Date Extractor¶
-
class
etk.extractors.date_extractor.
DateExtractor
(etk: etk.etk.ETK = None, extractor_name: str = 'date extractor')[source]¶ Bases:
etk.extractor.Extractor
- Description
- This extractor pre-defines a rich set of datetime regexp to detect any format of timestamp from the input text.

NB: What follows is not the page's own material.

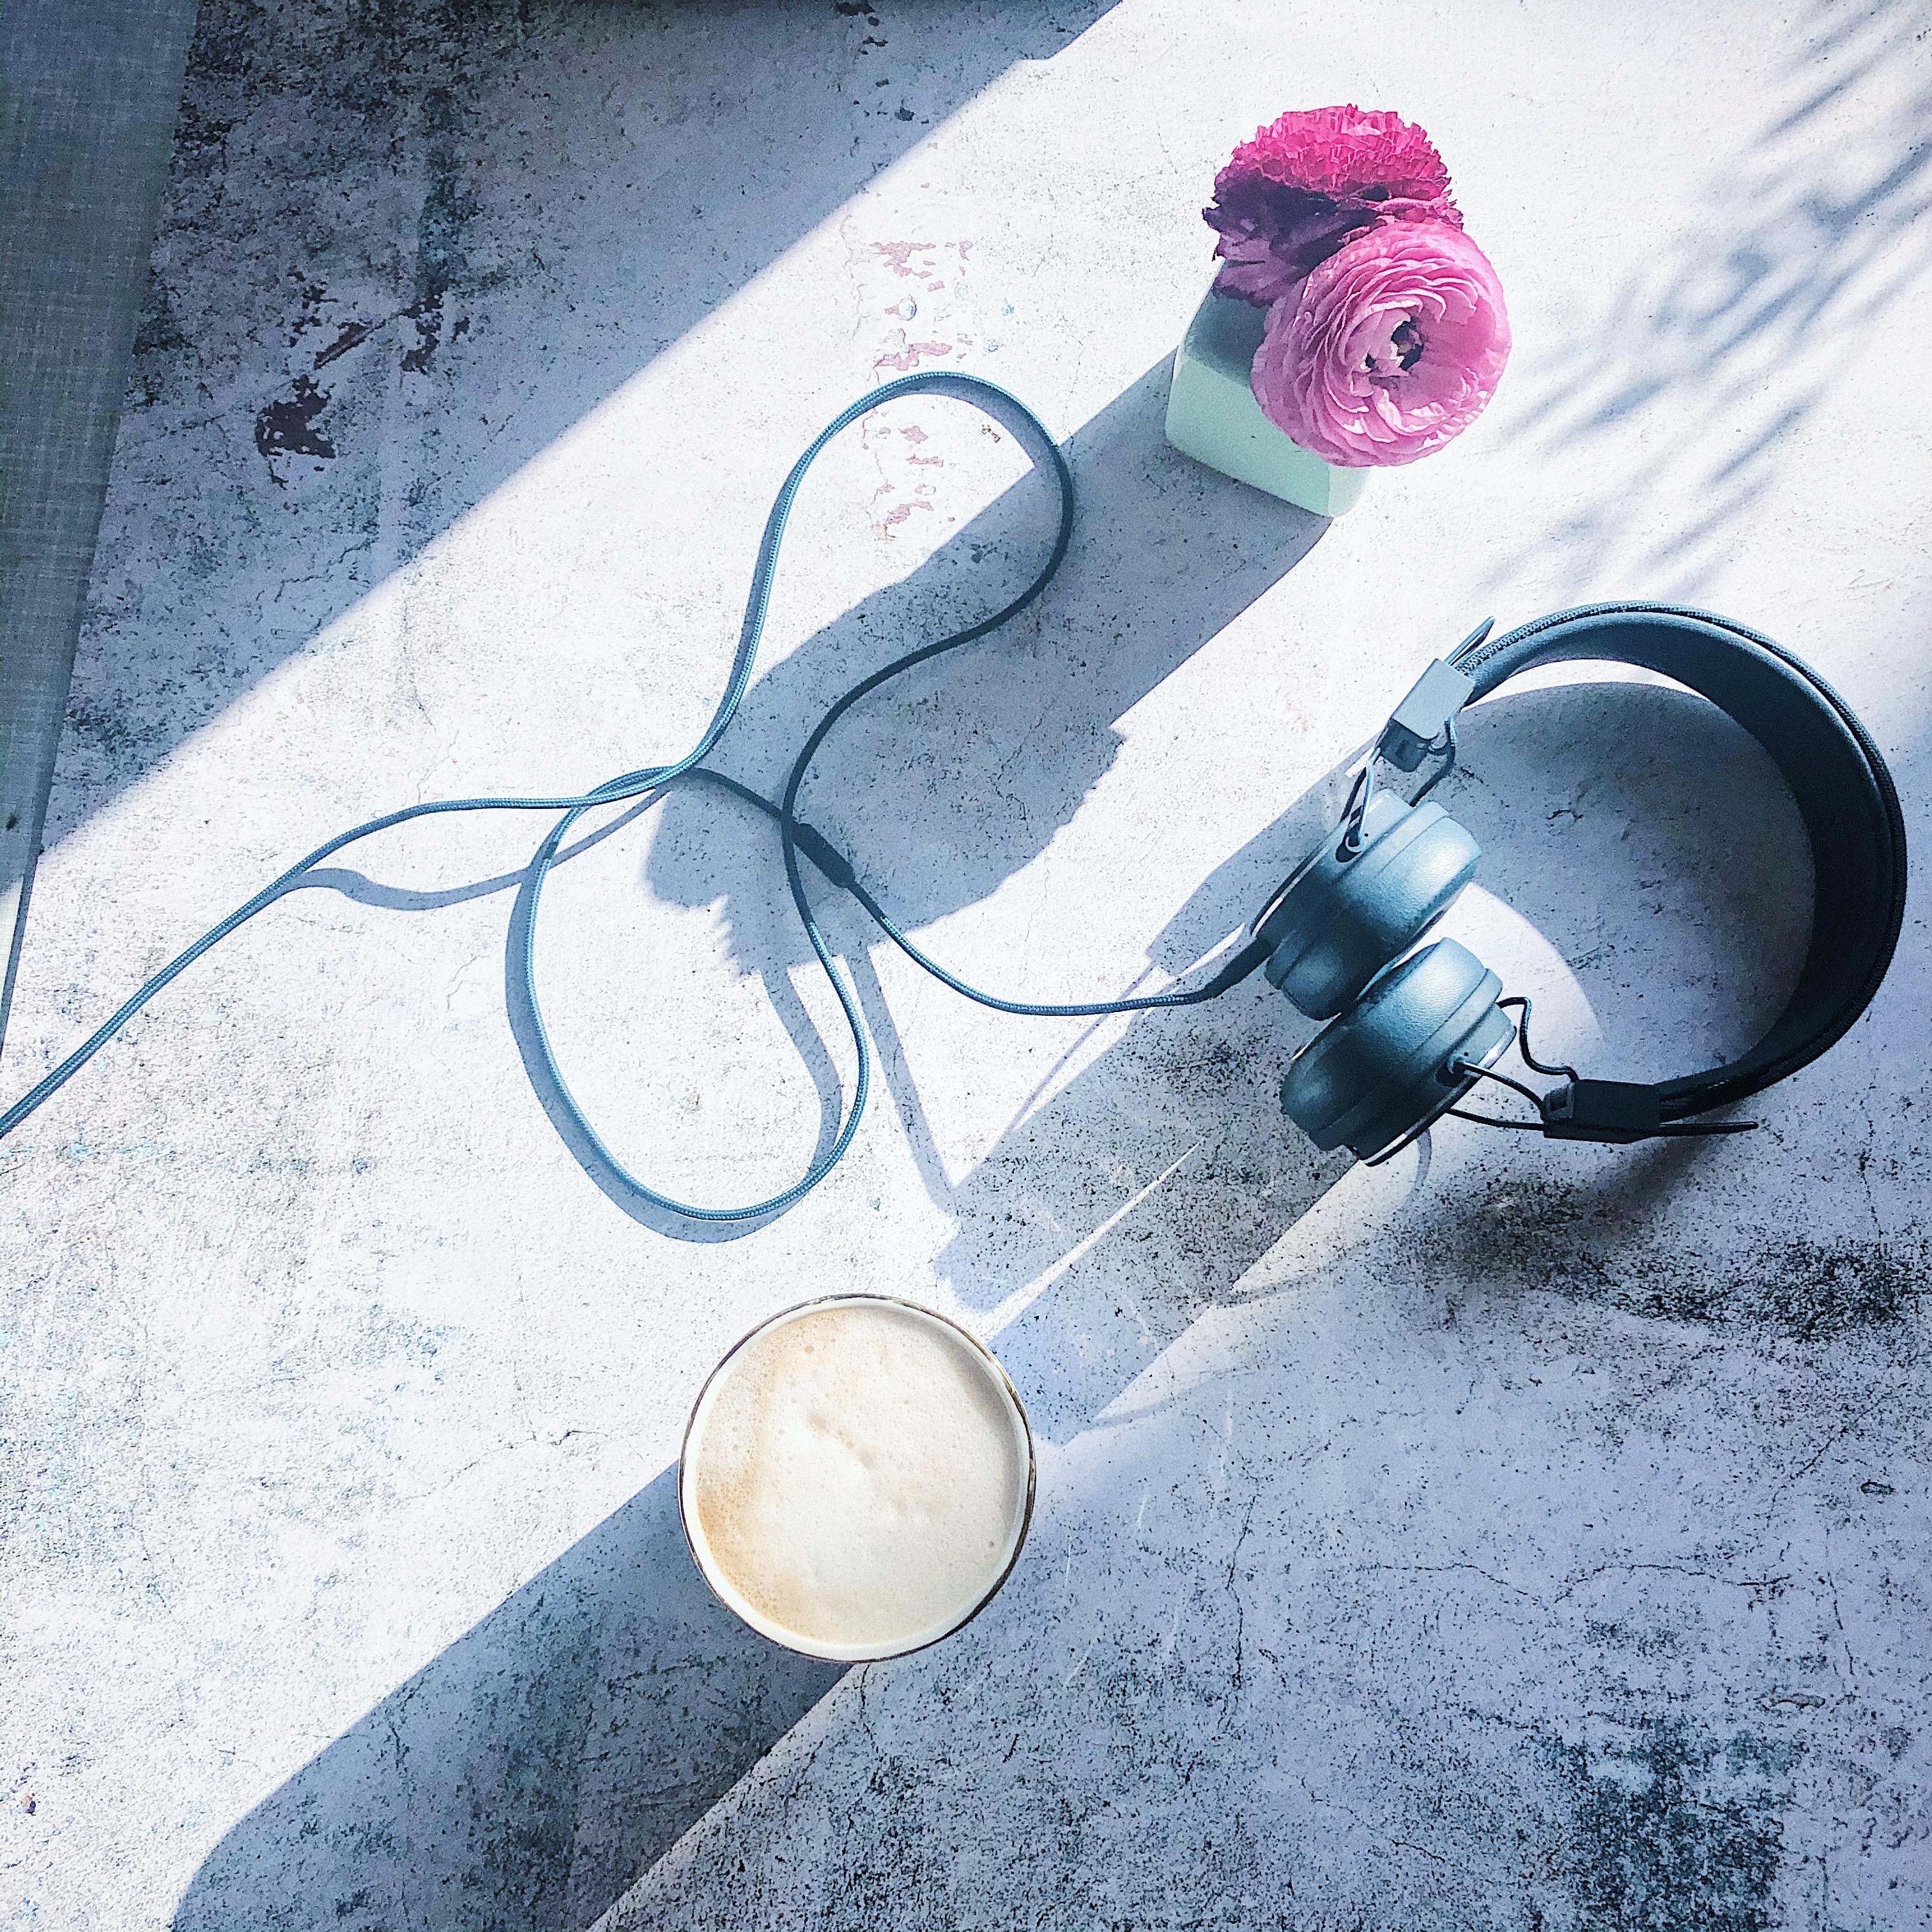 Ein bisschen Sonnenlicht von letzter Woche fürs Gemüt... ✨
#flatlay #Blumen #Kaffee #Marmor

In addition, it employees the spaCy rule to infer the specific datetime from a relative datetime and relative datetime base, for instance, two days ago with relative datetime base 02/02/2018.
Examples
date_extractor = (etk=self.etk) date_extractor.extract(text=input_doc, extract_first_date_only=False, # first valid additional_formats=['%Y@%m@%d', '%a %Y, %b %d'], use_default_formats=True, ignore_dates_before=ignore_before, ignore_dates_after=ignore_after, relative_base=relative_base, preferred_date_order="DMY", prefer_language_date_order=True, timezone='GMT', to_timezone='UTC', return_as_timezone_aware=False, prefer_day_of_month='first', prefer_dates_from='future', )
-
extract
(text: str = None, extract_first_date_only: bool = False, additional_formats: List[str] = [], use_default_formats: bool = False, ignore_dates_before: datetime.datetime = None, ignore_dates_after: datetime.datetime = None, detect_relative_dates: bool = False, relative_base: datetime.datetime = None, preferred_date_order: str = 'MDY', prefer_language_date_order: bool = True, timezone: str = None, to_timezone: str = None, return_as_timezone_aware: bool = True, prefer_day_of_month: str = 'first', prefer_dates_from: str = 'current', date_value_resolution: etk.extractors.date_extractor.DateResolution = <DateResolution.DAY: 4>) → List[etk.extraction.Extraction][source]¶ Parameters: - text (str) – extract dates from this ‘text’, default to None
- extract_first_date_only (bool) – extract the first valid date only or extract all, default to False
- additional_formats (List[str]) – user defined formats for extraction, default to empty list
- use_default_formats (bool) – if use default formats together with addtional_formats, default to False
- ignore_dates_before (datetime.datetime) – ignore dates before ‘ignore_dates_before’, default to None
- ignore_dates_after (datetime.datetime) – ignore dates after ‘ignore_dates_after’, default to None
- detect_relative_dates (bool) – if detect relative dates like ‘9 days before’, default to False
- relative_base (datetime.datetime) – offset relative dates detected based on ‘relative_base’, default to None
- preferred_date_order (enum['MDY', 'DMY', 'YMD']) – preferred date order when ambiguous, default to ‘MDY’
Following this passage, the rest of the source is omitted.